■ ASSIGNED TASK
Output a character-exact copy of the data, images removed.

---------- EXERCISE DATA

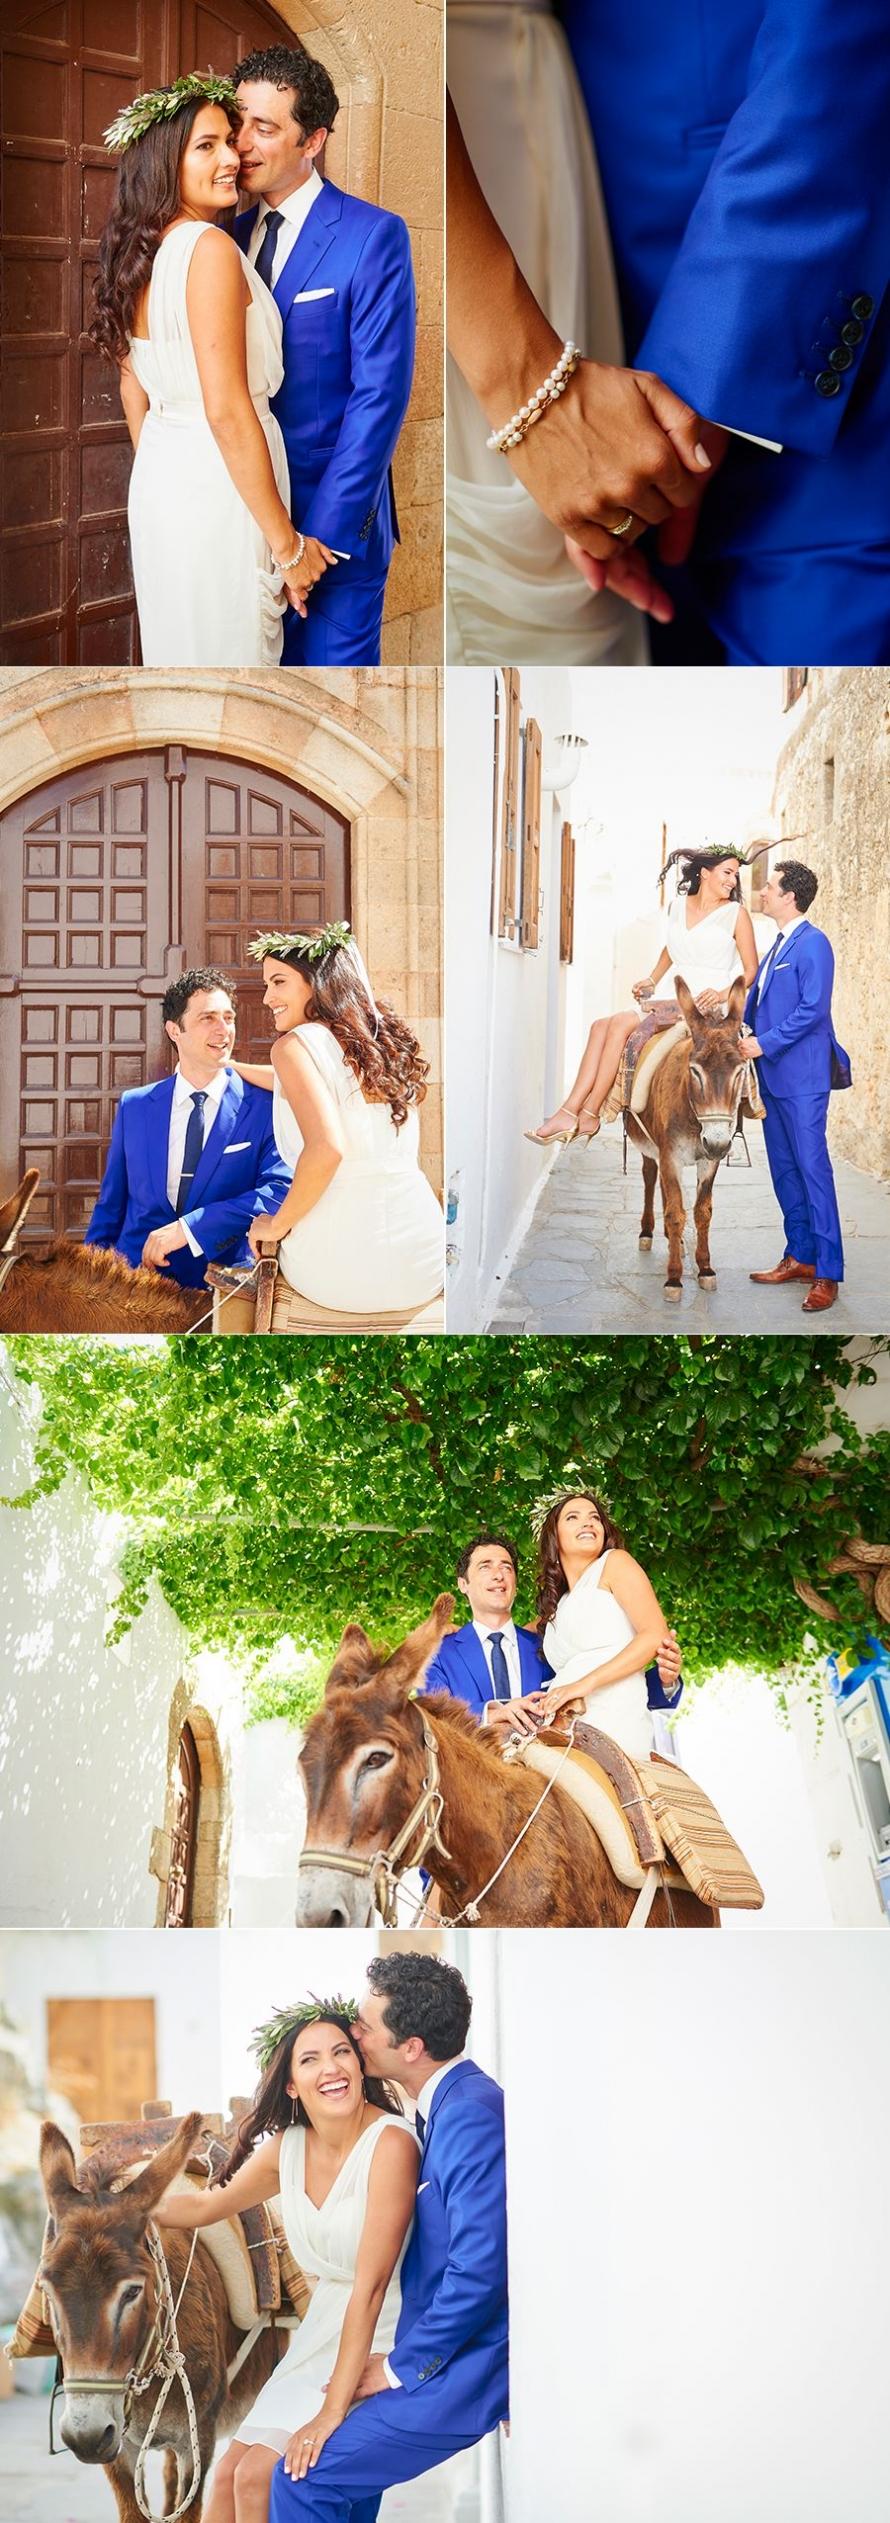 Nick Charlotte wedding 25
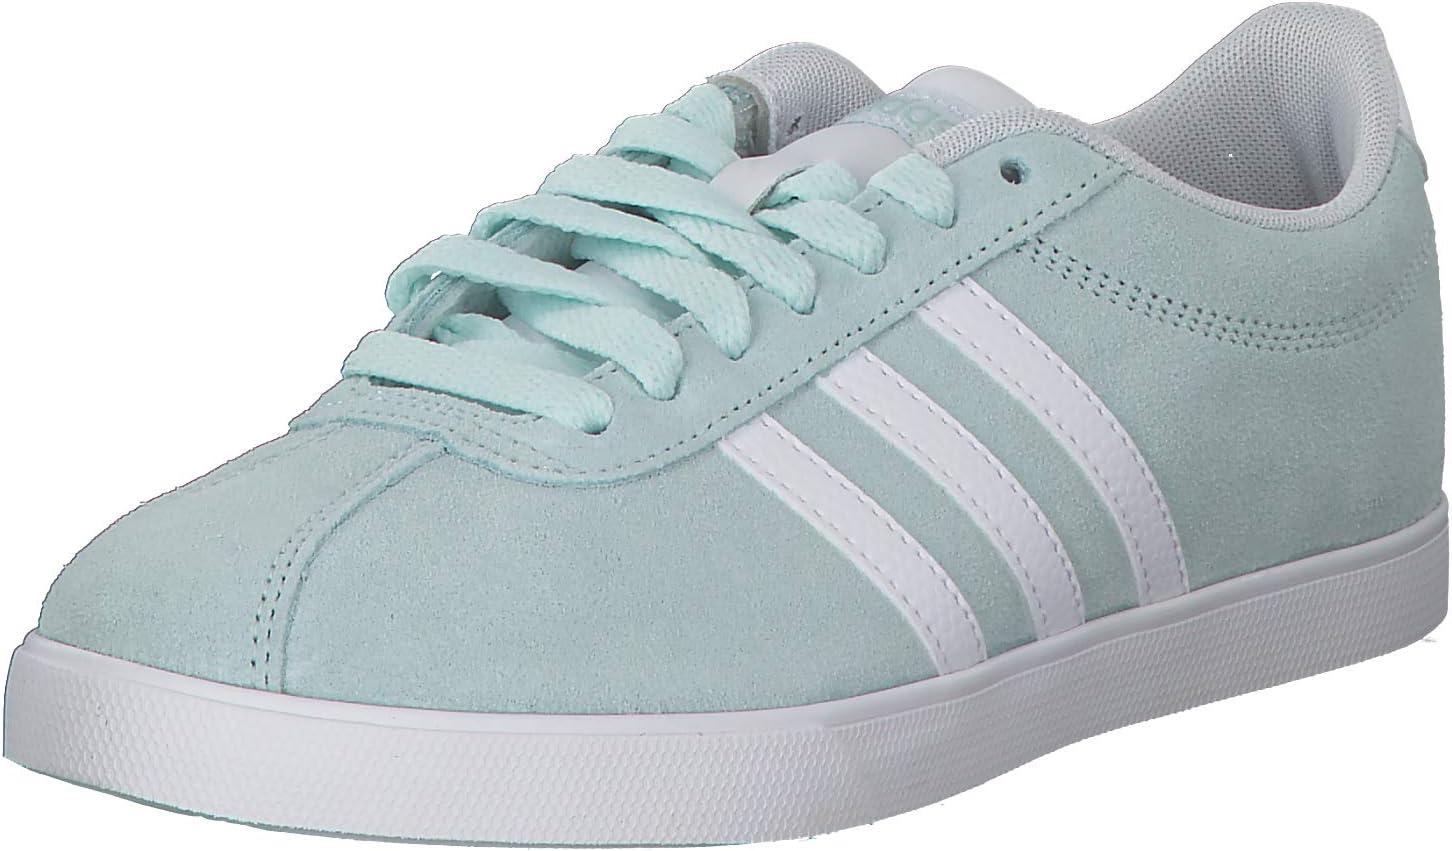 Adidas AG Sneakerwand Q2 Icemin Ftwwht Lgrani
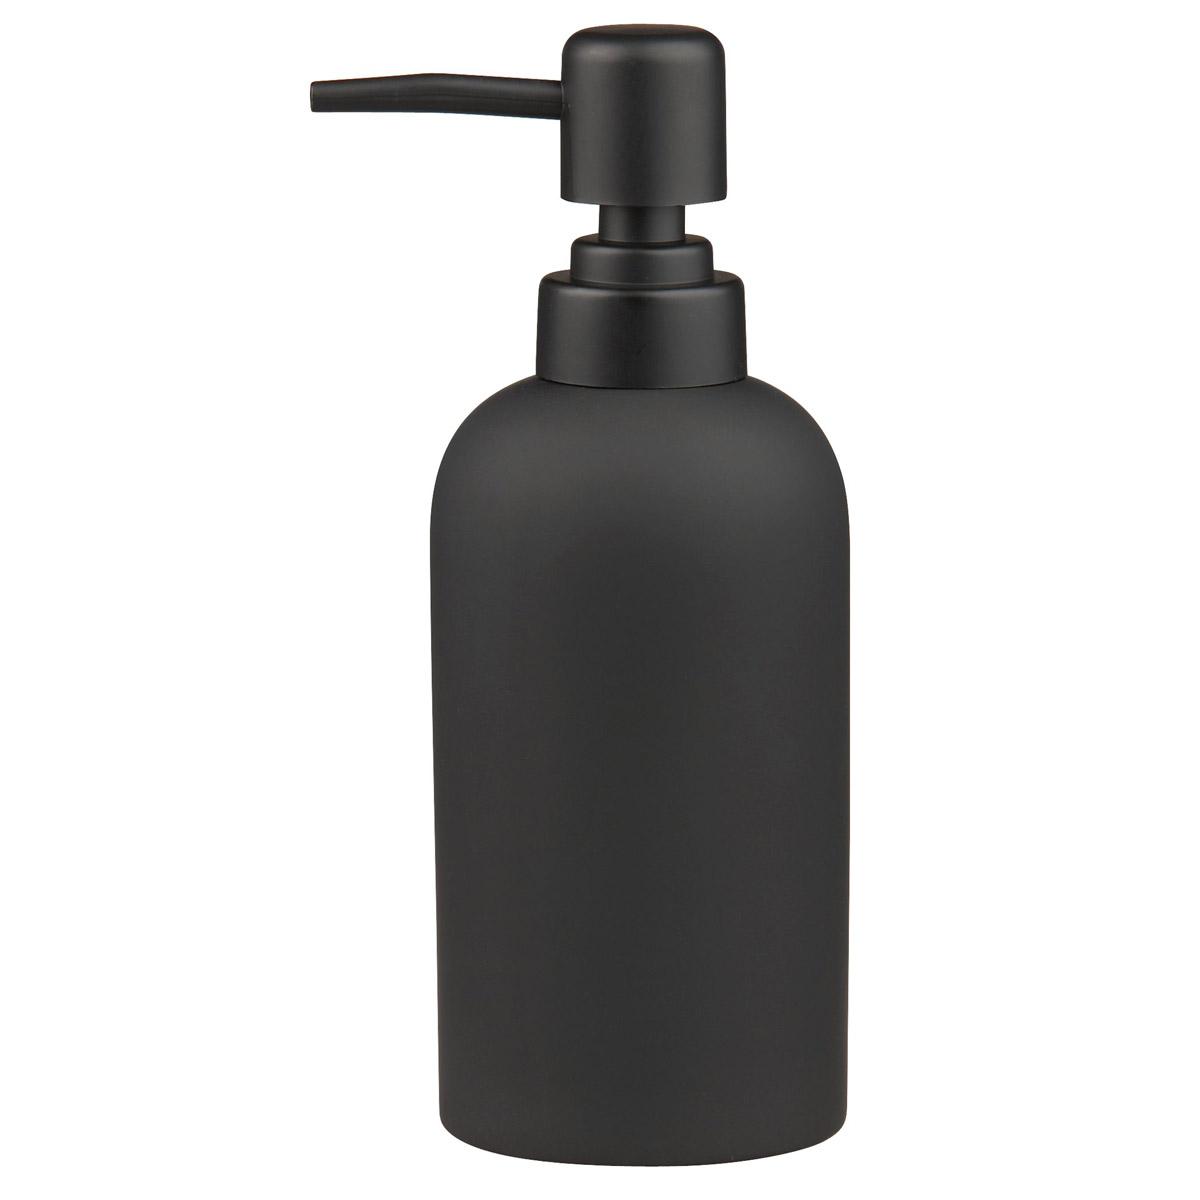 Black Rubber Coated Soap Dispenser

--------------------

■ WRITTEN ANSWER
 Nick Charlotte wedding 25
 Adidas AG Sneakerwand Q2 Icemin Ftwwht Lgrani
 Black Rubber Coated Soap Dispenser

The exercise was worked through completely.